Most people think more sleep is better. We see it as healthy to overindulge on sleep, which is probably related to the way our modern life styles encourages a lack of sleep.

Sleep is a need your body and mind has, just like food. Just like getting too little food is bad for your health, getting too little sleep is bad for your health. While most people are aware that eating too much in general or eating too much at once is bad for your health, not many people realize that sleeping too much can be bad for your body — especially sleeping too much at once.

This should not be as hard as it seems to figure out. Anyone who slept in on a weekend and woke up feeling stiff could relate to it,  but we generally view everything surrounding sleep as a mystery.

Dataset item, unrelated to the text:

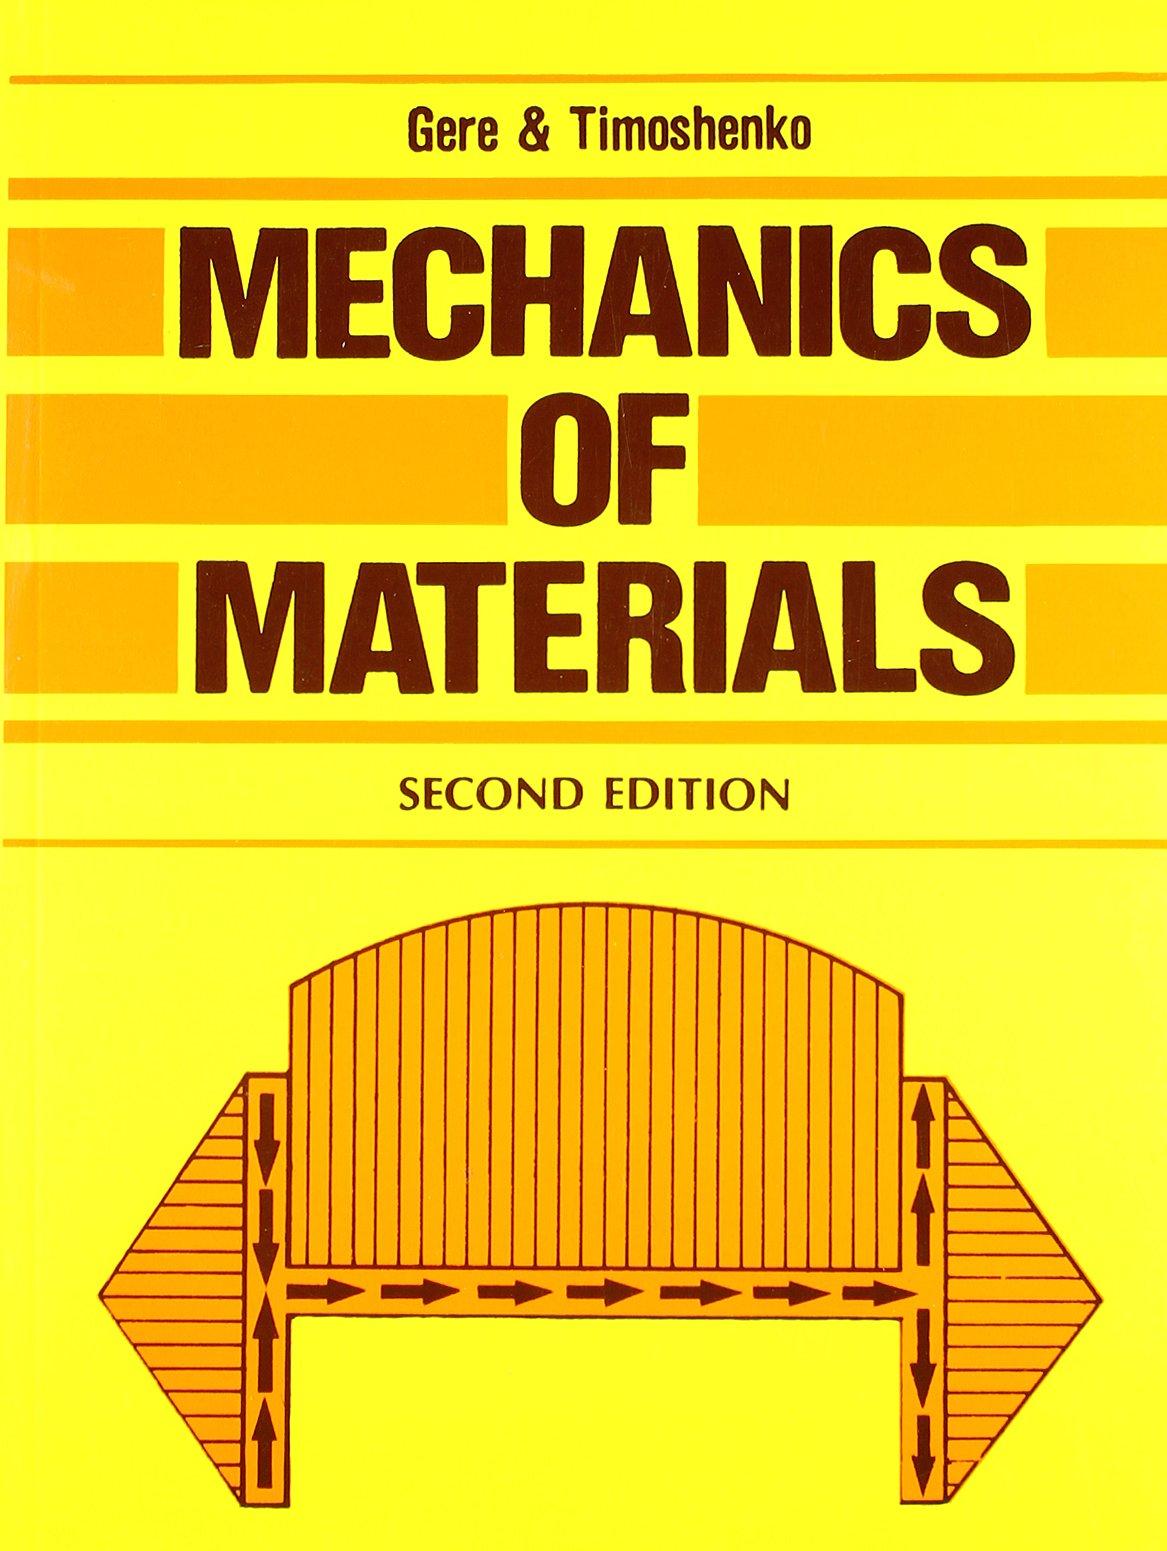 Buy Mechanics of Materials Book Online at Low Prices in India | Mechanics  of Materials Reviews & Ratings - Amazon.in

No matter how tired you are, learning to control the amount of sleep you get can make you feel much more alert and awake the next day. If you are feeling sleepy or tired, taking a nap in the afternoon is a much better cure.

Sleepy, tired… there’s no difference

Usually, no distinction is made between tired and sleepy. I would say that while being sleepy includes being tired, the opposite is not always true. Tiredness is the mind’s or body’s need for rest, which does not necessarily mean sleep. Sleepy on the other hand, is the distinct need for sleep.

Not being able to tell this difference is one reason people go to bed and fail to fall asleep (there are others, as will soon become clear). Sleep includes rest for both mind and body, and an unbalanced tiredness can be an insurmountable obstacle to getting restful sleep.

The lack of physical exercise can be one cause of these problems, as our modern life styles tend to lack moving around.

Caffeine makes me less tired

No. Caffeine makes you less sleepy! As you go through your day, body and mind will slowly start to become exhausted. There are ways to gain an energy boost (like a sugar rush), but these are always short and leave you feeling even more drained. There are no ways to stop this drain.

However, there are situations where you just need to (or want to) keep going despite this fatigue, and this is where caffeine can be extremely useful. Caffeine blocks out your sleepiness, preventing your body from falling asleep regardless of how tired you are getting (within limits). You will keep getting more tired, but be able to keep going without falling asleep or feeling drowsy.

Still, there are many people who can not get started without a cup of coffee or two. Why is this, if caffeine doesn’t make you less tired? The explanation comes in two parts:

  • Caffeine is addictive. The people who need 2 cups of coffee to get going in the morning need those cups because they have an addiction which demands the dose of caffeine is filled. Part of the excessive tiredness felt before those first cups of coffee is simply a withdrawal symptom.
  • Caffeine reduces sleep quality. The half-life of caffeine in the human body is normally around 5 hours — this means that 5 hours after you drank your coffee, half of the caffeine is still in your body. 10 hours after the cup, a quarter of the caffeine is still there.

These things together mean that for people addicted to caffeine (which means most people, really), the caffeine from coffee, tea or soda had during the day is still very much active around bed time. Since caffeine prevents sleeping, many people have problems falling asleep (feel familiar?)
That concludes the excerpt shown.